別デバイスの操作が不要な分、他の2つの方式と比較して認証にかかるステップが少なく、ユーザの負荷が小さい方式だと思います。
デメリット:
デメリットとして、基本的にデバイスに依存することがあげられます。別デバイスで同じユーザの認証がしたい場合、他の認証方式でMFAを行うか、事前に各デバイスで個別登録しておく必要があります。
しかしデバイスへの依存を和らげようとiCloud Keychain等への同期を行うと、デバイス固有の情報ではなくなるため認証強度が低下してしまいます。
最後に3つのMFA方式について、独断と偏見で総合評価をつけてみます。
項目 | 認証アプリ | セキュリティキー | 組み込み認証ツール |
---|---|---|---|
セキュリティレベル | ⭐⭐⭐ | ⭐⭐⭐⭐⭐ | ⭐⭐⭐⭐ |
利便性 | ⭐⭐⭐⭐ | ⭐⭐⭐ | ⭐⭐⭐⭐⭐ |
設定の簡単さ | ⭐⭐⭐⭐⭐ | ⭐⭐⭐ | ⭐⭐⭐⭐ |
導入コスト | ⭐⭐⭐⭐⭐ | ⭐⭐ | ⭐⭐⭐⭐⭐ |
フィッシング耐性 | なし | あり | あり |
総合評価 | ⭐⭐⭐ | ⭐⭐⭐⭐ | ⭐⭐⭐⭐⭐ |
AWS IAM Identity CenterでのMFA方式の追加を行い、実際に試してみての使用感をまとめてみました。
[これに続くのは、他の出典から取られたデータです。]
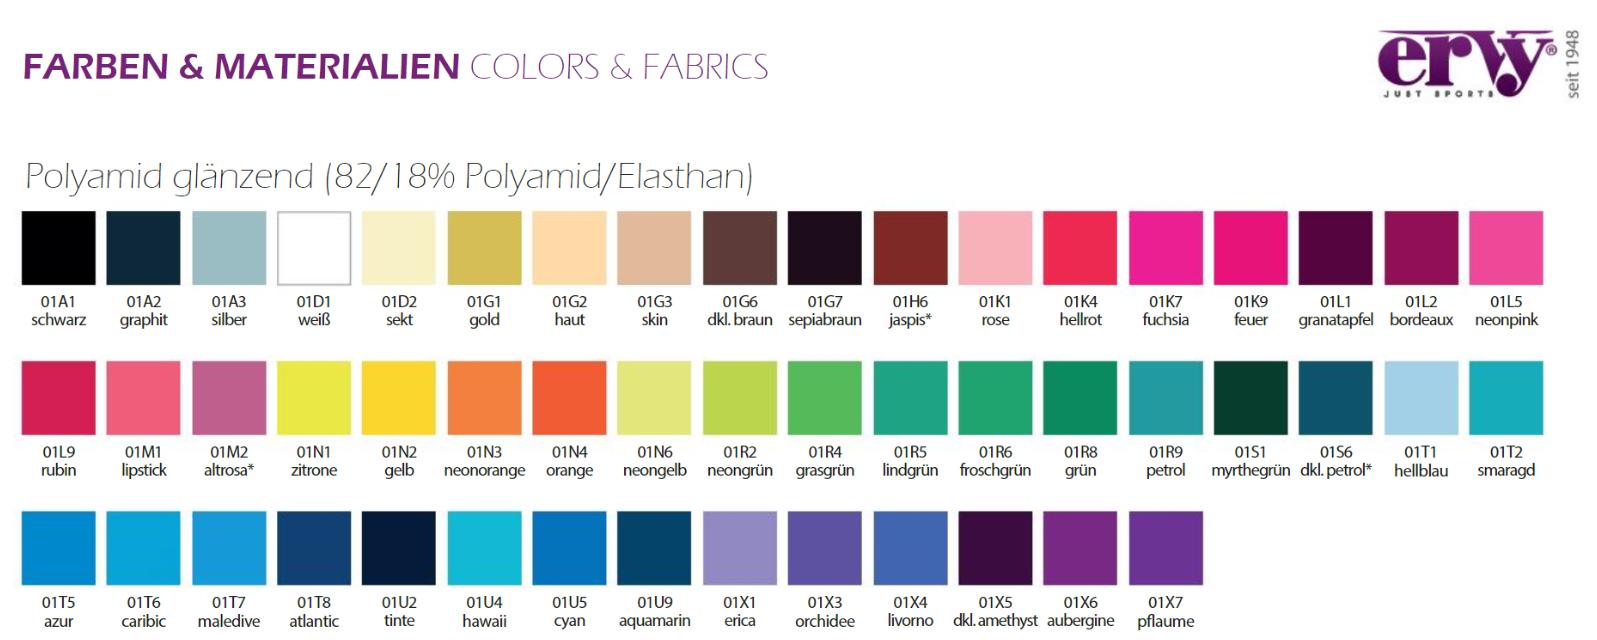 Polyamid Glänzend colors

MFAと一口に言っても方式はさまざまで、利便性や認証強度にも違いがありました。
ここで重要なのは、MFA方式は複数用意しておくことです。
今回は組み込み認証ツールがもっとも総合評価が高い方式としましたが、この方式にも弱点はあります。
デバイスがすぐに使えない場合、故障したら?紛失したら?などなど。そうした状況でもリカバリできるように、複数の方式を登録しておきましょう。